When the Internet Turns Orange, Who Actually Wins?

When the Internet Turns Orange, Who Actually Wins?

August 18, 2025Samantha Sammis

Taylor Swift’s announcement of her 12th album sent the internet into a glittery, orange-tinted spiral. Within hours, airlines, snack brands, sports teams, and bookstores had switched their feeds to match the vibe. Major outlets chronicled the wave in real time: the colors, the puns, the quick-hit creative.

That is the visible part of a cultural moment: the relevance spike. Everyone is in the feed. Everyone looks current. 

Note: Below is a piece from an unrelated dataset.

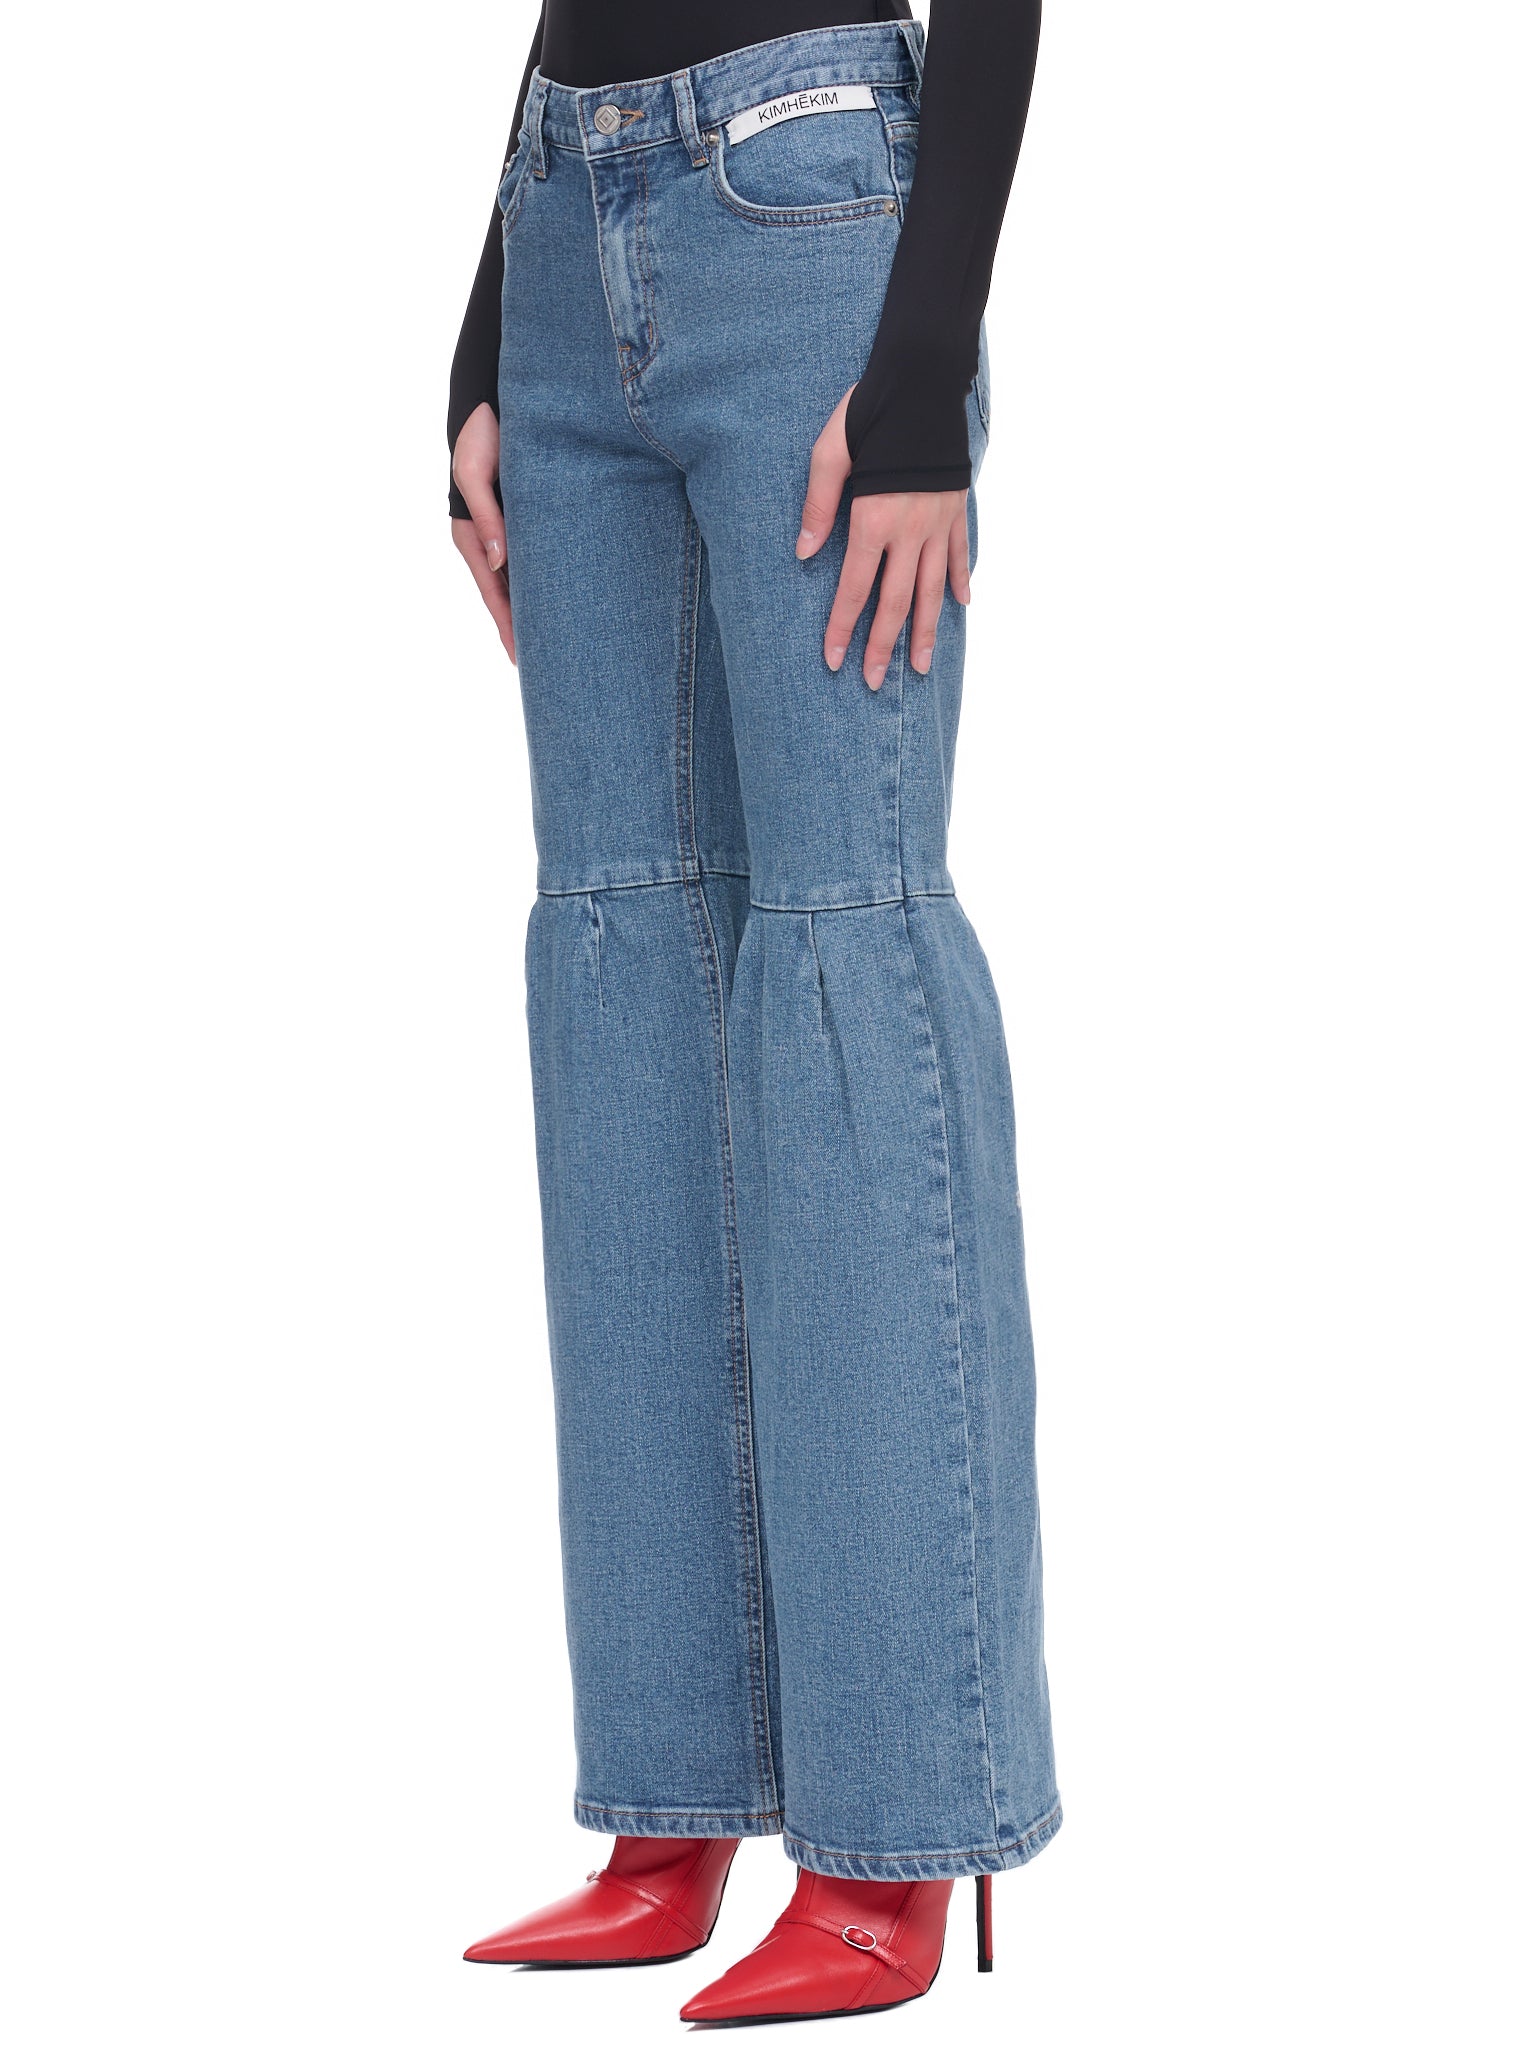 Bella Jeans (JN031-BL-BLUE)

And everyone looks the same.

That’s because there’s a quieter test happening here. Brands are trying to look relevant – trying to actually be relevant – by chasing a flashy cultural trend. But… is it working?

What does “working” even look like?

Who is actually earning resonance, the kind of cultural connection that still matters after the scroll? The answer matters, because only brands who build cultural resonance stay relevant after the trendy moment passes.

The difference between showing up and belonging

Relevance is borrowed attention. Resonance is remembered meaning.

One brand’s post fades into the orange crowd. Another’s gets passed around inside group chats. The difference is fluency. The second brand understands the codes of the culture it is stepping into.

Petco did this well. While countless brands posted generic orange visuals, Petco tapped into something far more specific: Taylor Swift’s well-documented love of her cats. To Swifties, especially those who know Meredith, this wasn’t just a random animal reference. It was an insider nod that made sense coming from a pet brand. It felt native to the conversation, not opportunistic.

Every community, whether it is Swifties, gamers, sneakerheads, or K-pop stans, operates on a shared value system. Those values are expressed through insider codes like slang, symbols, references, and rituals. To an outsider, they may seem like surface details. To the people inside, they are signals of belonging.

Without that bridge, you are just changing colors. With it, you are building a relationship.

Where brands actually compete

This is where most trend-jumping efforts fall short. They start with “what’s popular” instead of “where do we have an authentic right to be?”

At Suasiv, we call the answer to that question your Cultural Arenas™ — the cultural spaces where your brand’s values naturally overlap with the values of a community.

When you operate from the perspective of your Arenas, you can look at a cultural wave and instantly know whether it is worth joining, how to join it, and what to contribute so it lasts beyond the spike.

That Petco post? In our language, that is a brand entering a moment through one of its Arenas. The connection was already there. The reference just lit it up.

How to move from relevance to resonance

Here is the pattern the most effective brands follow.

Start in your space. If your values align with the community’s values, you are already speaking the same language.

Find the bridge. It could be a character, ritual, inside joke, or shared reference that connects your brand world to theirs.

Contribute something of value. That might be entertainment, a useful tool, a wink only insiders catch — but it has to feel like it is for them, not just for the algorithm.

We saw it during “Barbenheimer” when certain brands leaned into aesthetics and storytelling they already owned. And we see it in gaming culture, where brands fluent in its rituals are embraced while outsiders feel like they are crashing the party.

Measuring what matters

Most brands guess. We do not.

Our R² Index™ shows where you stand in your market, your category, and your Arena. Our cultural momentum tracking shows how each post affects your resonance over time. You can see which moments give you fleeting attention and which build cultural equity that lasts.

We do the mapping and bridge-building so you can move into cultural moments with intent and authority, not hope and luck.

The real opportunity in the orange wave

It is not wrong to join a trend. But without a clear Arena, your contribution risks blending into the scroll.

With one, you stop chasing moments and start owning them. You know exactly where you belong, how to speak the language, and how to leave an impression that lasts long after the feed moves on.

That is the difference between turning orange for a day and being remembered for years.